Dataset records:
- - -
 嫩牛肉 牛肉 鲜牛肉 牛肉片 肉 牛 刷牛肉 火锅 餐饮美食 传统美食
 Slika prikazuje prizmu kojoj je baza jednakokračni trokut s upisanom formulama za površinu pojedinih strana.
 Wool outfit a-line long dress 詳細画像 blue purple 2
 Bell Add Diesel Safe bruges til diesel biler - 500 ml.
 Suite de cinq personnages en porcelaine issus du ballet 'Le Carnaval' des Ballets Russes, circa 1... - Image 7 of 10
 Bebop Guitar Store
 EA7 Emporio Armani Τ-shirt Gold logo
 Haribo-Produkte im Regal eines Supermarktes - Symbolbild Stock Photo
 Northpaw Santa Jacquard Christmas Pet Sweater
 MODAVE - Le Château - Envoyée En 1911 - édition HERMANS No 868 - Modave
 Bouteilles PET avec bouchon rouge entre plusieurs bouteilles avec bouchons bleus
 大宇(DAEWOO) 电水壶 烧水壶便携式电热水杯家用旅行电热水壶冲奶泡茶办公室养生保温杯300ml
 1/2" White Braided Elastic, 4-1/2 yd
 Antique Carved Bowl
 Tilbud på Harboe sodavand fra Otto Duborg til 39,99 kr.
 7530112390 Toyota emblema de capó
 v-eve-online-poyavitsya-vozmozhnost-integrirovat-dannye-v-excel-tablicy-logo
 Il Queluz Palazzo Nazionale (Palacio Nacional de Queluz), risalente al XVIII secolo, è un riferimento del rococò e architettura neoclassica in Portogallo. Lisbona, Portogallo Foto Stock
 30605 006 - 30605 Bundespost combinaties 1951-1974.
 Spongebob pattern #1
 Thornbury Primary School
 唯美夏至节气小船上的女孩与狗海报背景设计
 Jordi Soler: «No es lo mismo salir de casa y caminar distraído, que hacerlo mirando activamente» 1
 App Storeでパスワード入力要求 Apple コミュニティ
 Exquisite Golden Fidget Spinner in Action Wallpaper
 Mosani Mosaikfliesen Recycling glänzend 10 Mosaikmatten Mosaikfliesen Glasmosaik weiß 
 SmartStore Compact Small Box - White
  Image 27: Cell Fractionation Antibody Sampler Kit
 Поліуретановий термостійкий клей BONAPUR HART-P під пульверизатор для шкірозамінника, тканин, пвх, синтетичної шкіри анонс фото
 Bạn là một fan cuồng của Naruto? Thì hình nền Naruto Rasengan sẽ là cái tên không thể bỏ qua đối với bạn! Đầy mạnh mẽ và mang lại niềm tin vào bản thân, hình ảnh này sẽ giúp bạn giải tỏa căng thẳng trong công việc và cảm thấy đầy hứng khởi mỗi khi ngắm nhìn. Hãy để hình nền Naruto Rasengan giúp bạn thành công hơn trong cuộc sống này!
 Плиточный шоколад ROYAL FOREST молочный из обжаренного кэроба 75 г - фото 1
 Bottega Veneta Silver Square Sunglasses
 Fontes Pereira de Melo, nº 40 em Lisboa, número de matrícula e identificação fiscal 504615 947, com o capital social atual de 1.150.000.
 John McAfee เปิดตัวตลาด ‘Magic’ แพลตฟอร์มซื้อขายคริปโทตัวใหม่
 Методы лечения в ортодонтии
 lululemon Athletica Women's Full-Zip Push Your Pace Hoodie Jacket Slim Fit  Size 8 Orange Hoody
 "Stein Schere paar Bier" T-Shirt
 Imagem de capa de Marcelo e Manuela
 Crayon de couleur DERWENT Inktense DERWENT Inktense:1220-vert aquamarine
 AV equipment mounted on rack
- - -
Provide the number of lines in the records above that contain the word "фото", with no additional words.

2